= PROMPT =
Your answer must be the full listing below, restated word for word, with no pictures in it.

= PROVIDED DATA =
== Segment start ==

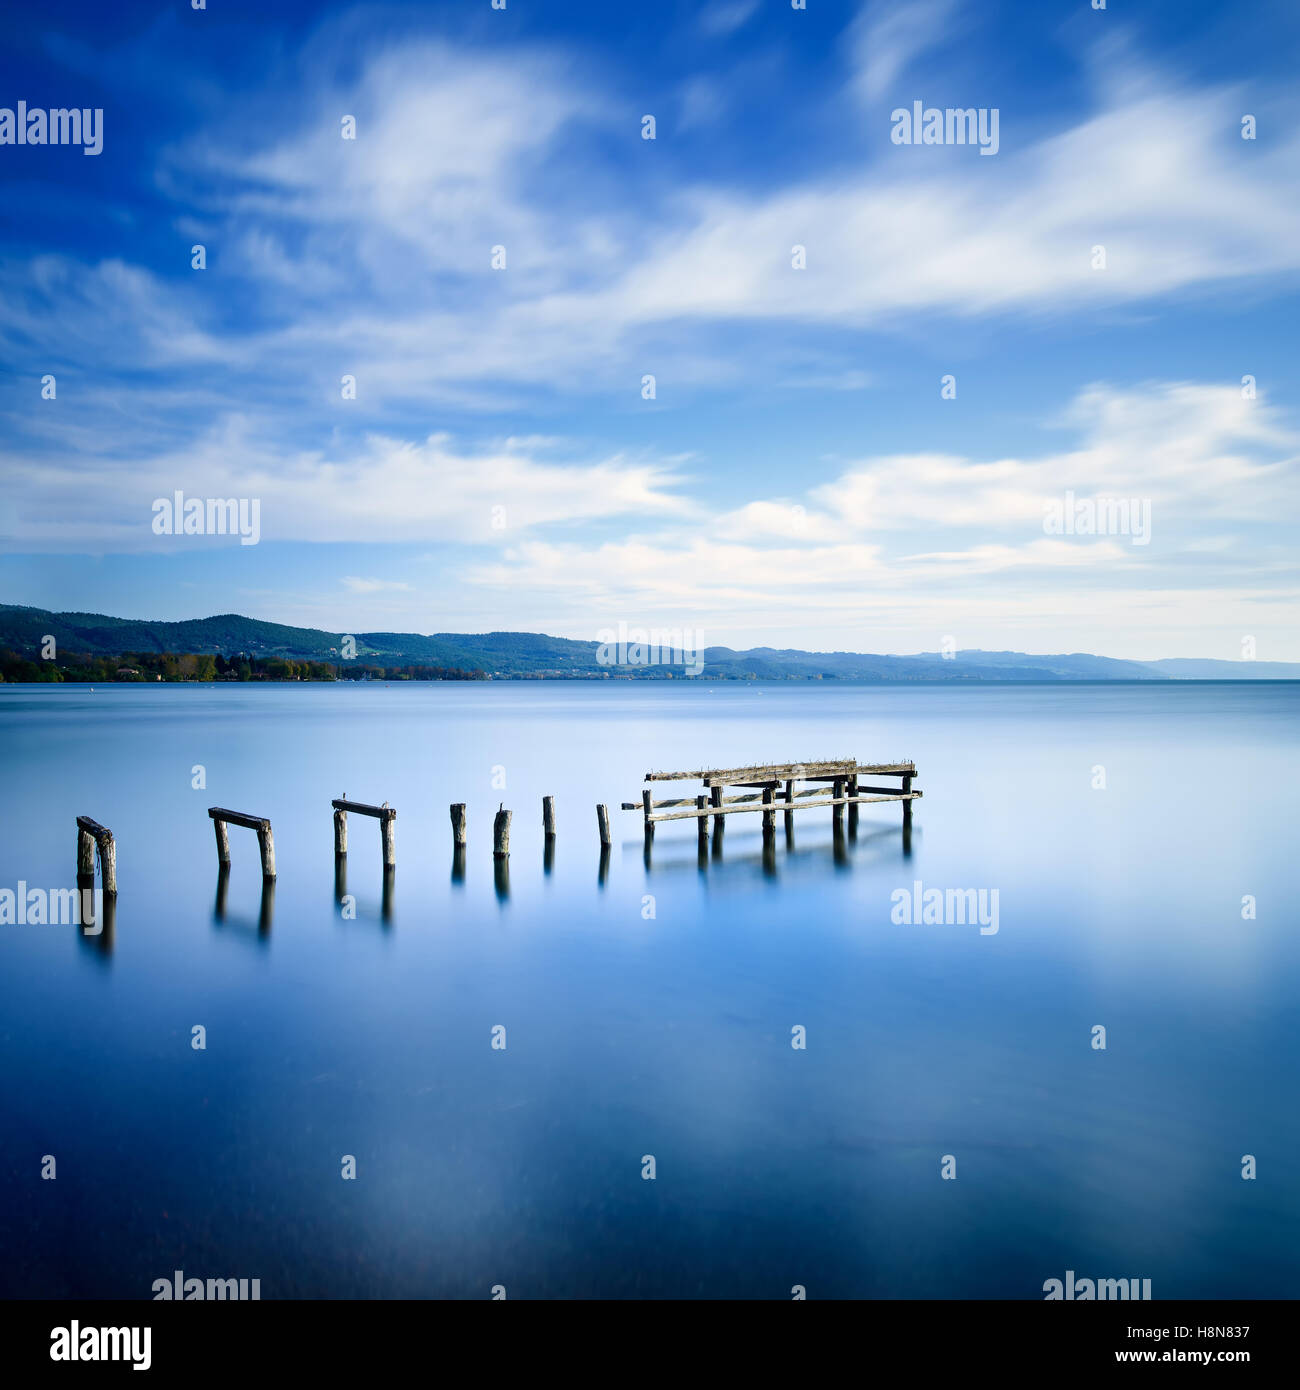 Il molo di legno o molo rimane su un lago blu del tramonto. Fotografie con lunghi tempi di esposizione Foto Stock
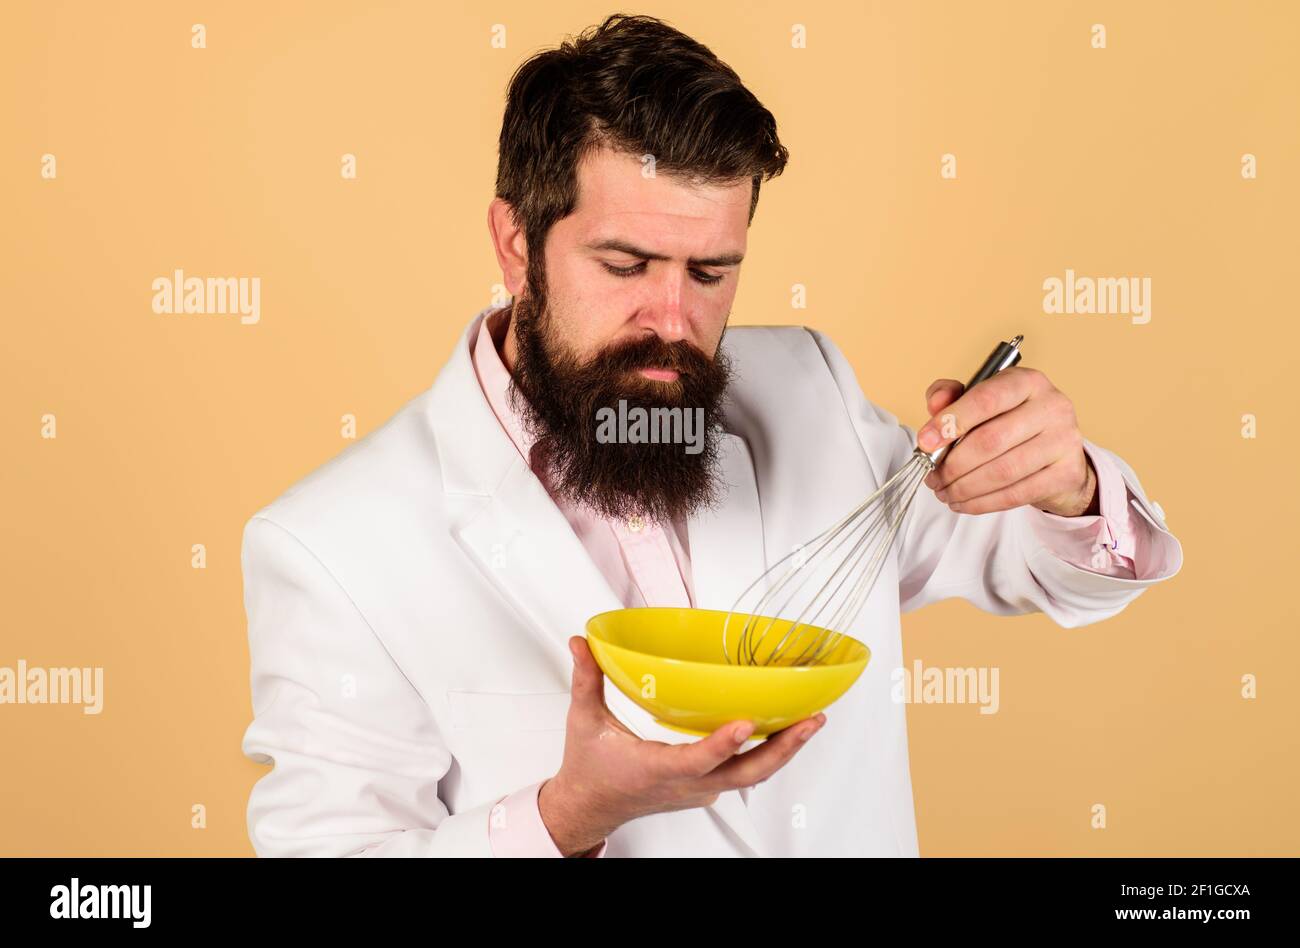 Uomo bearded che prepara le uova per la colazione. Montare l'uovo nel recipiente per cucinare le omelette o l'impasto. Cucina, cucina e concetto di cucina. Foto Stock
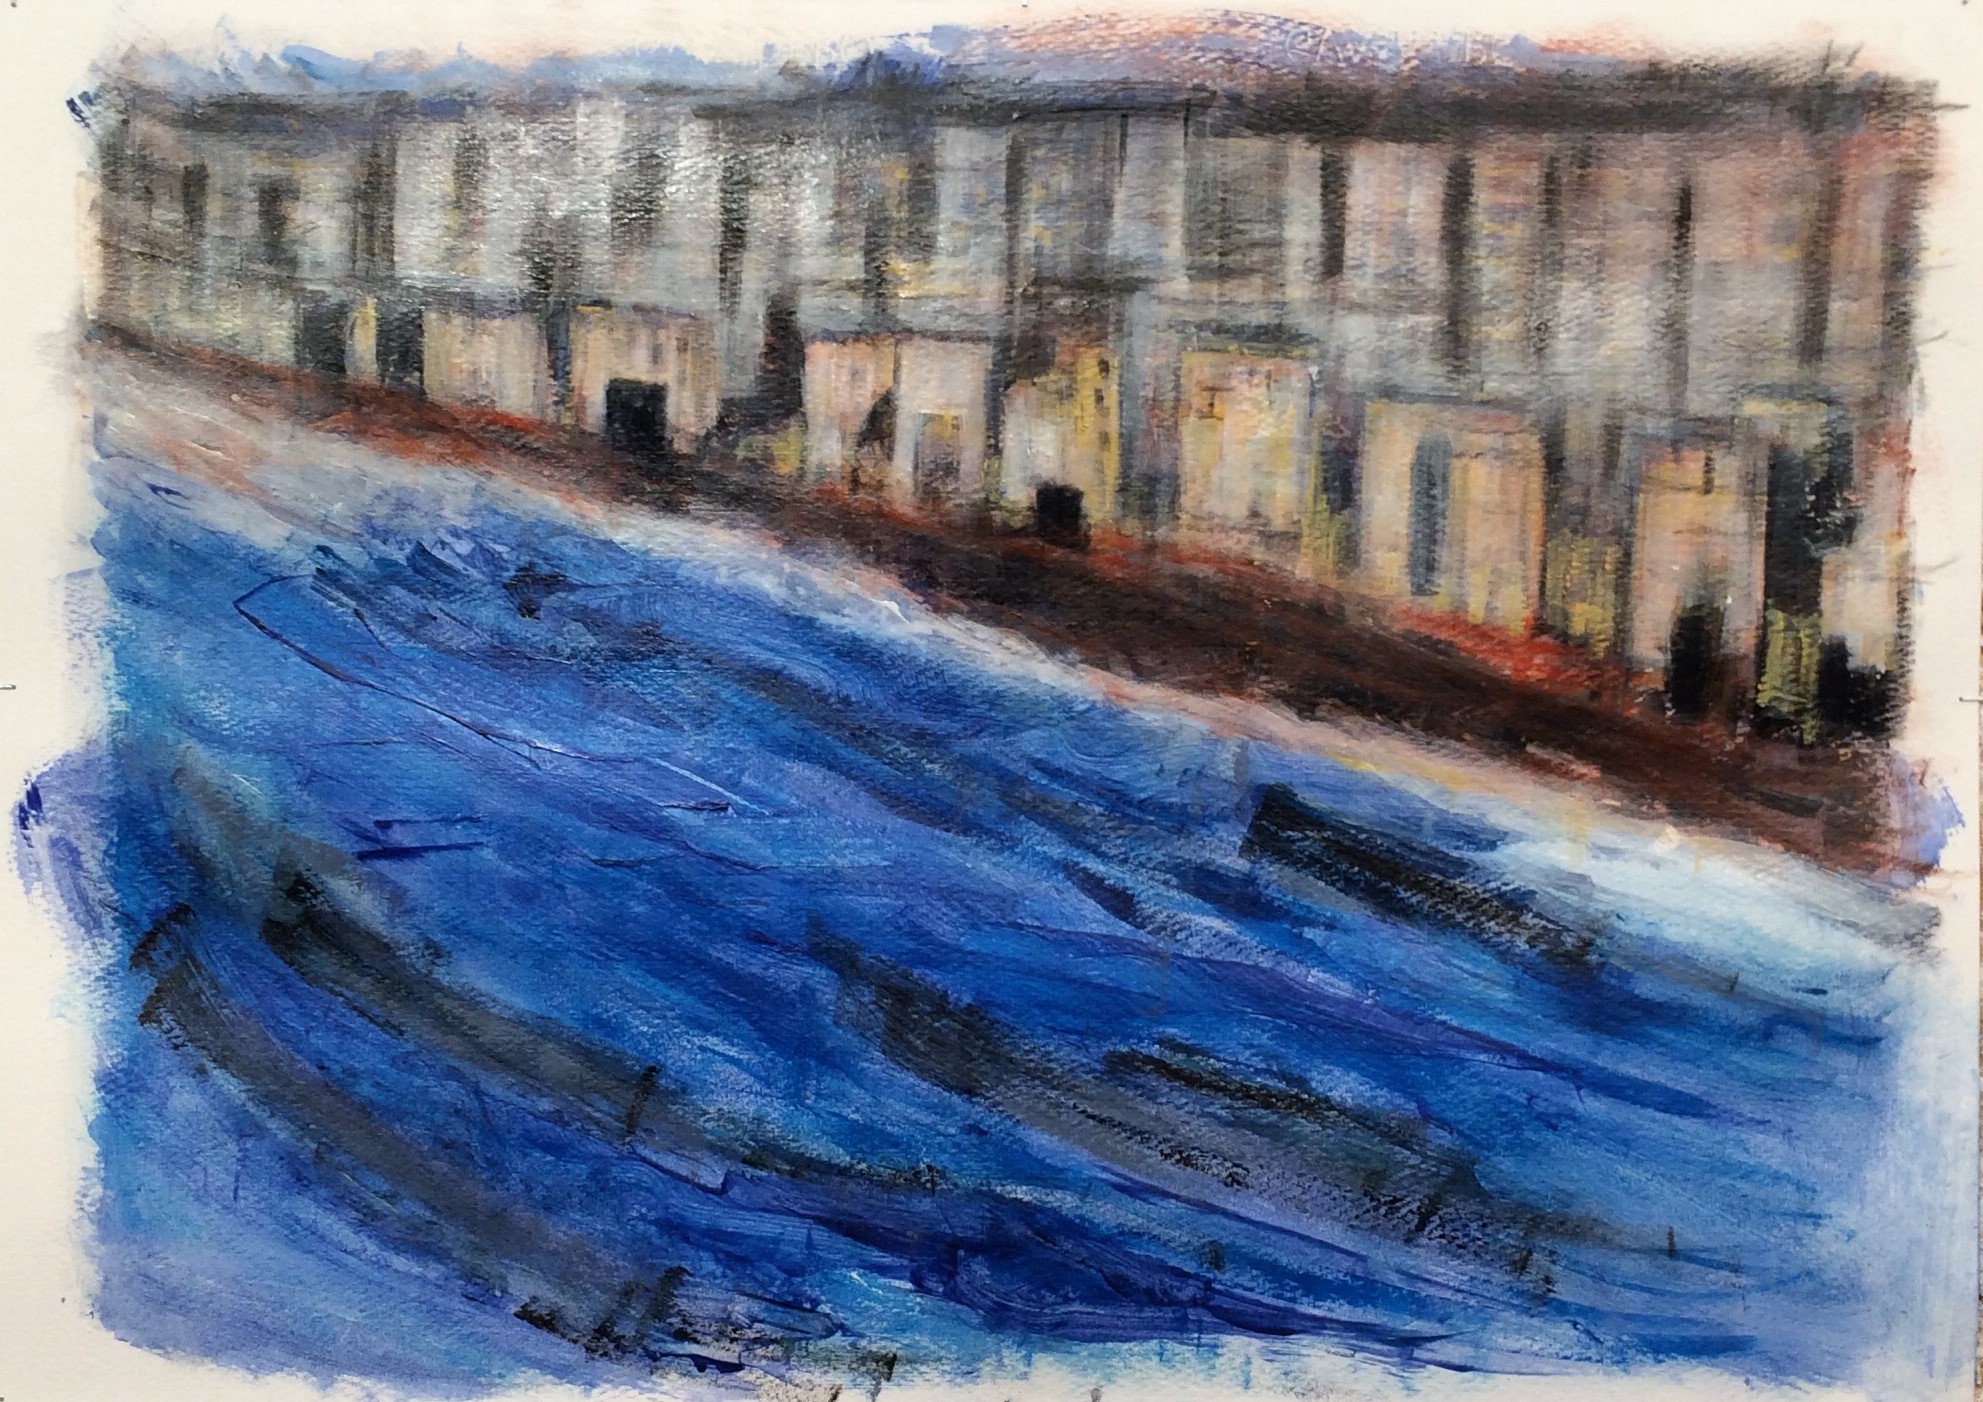 N° 2239 - Front de mer - Acrylique sur papier - 50 x 70 cm - 30 mars 2016

== Segment end ==

= WORKED SOLUTION =
 Il molo di legno o molo rimane su un lago blu del tramonto. Fotografie con lunghi tempi di esposizione Foto Stock
 Uomo bearded che prepara le uova per la colazione. Montare l'uovo nel recipiente per cucinare le omelette o l'impasto. Cucina, cucina e concetto di cucina. Foto Stock
 N° 2239 - Front de mer - Acrylique sur papier - 50 x 70 cm - 30 mars 2016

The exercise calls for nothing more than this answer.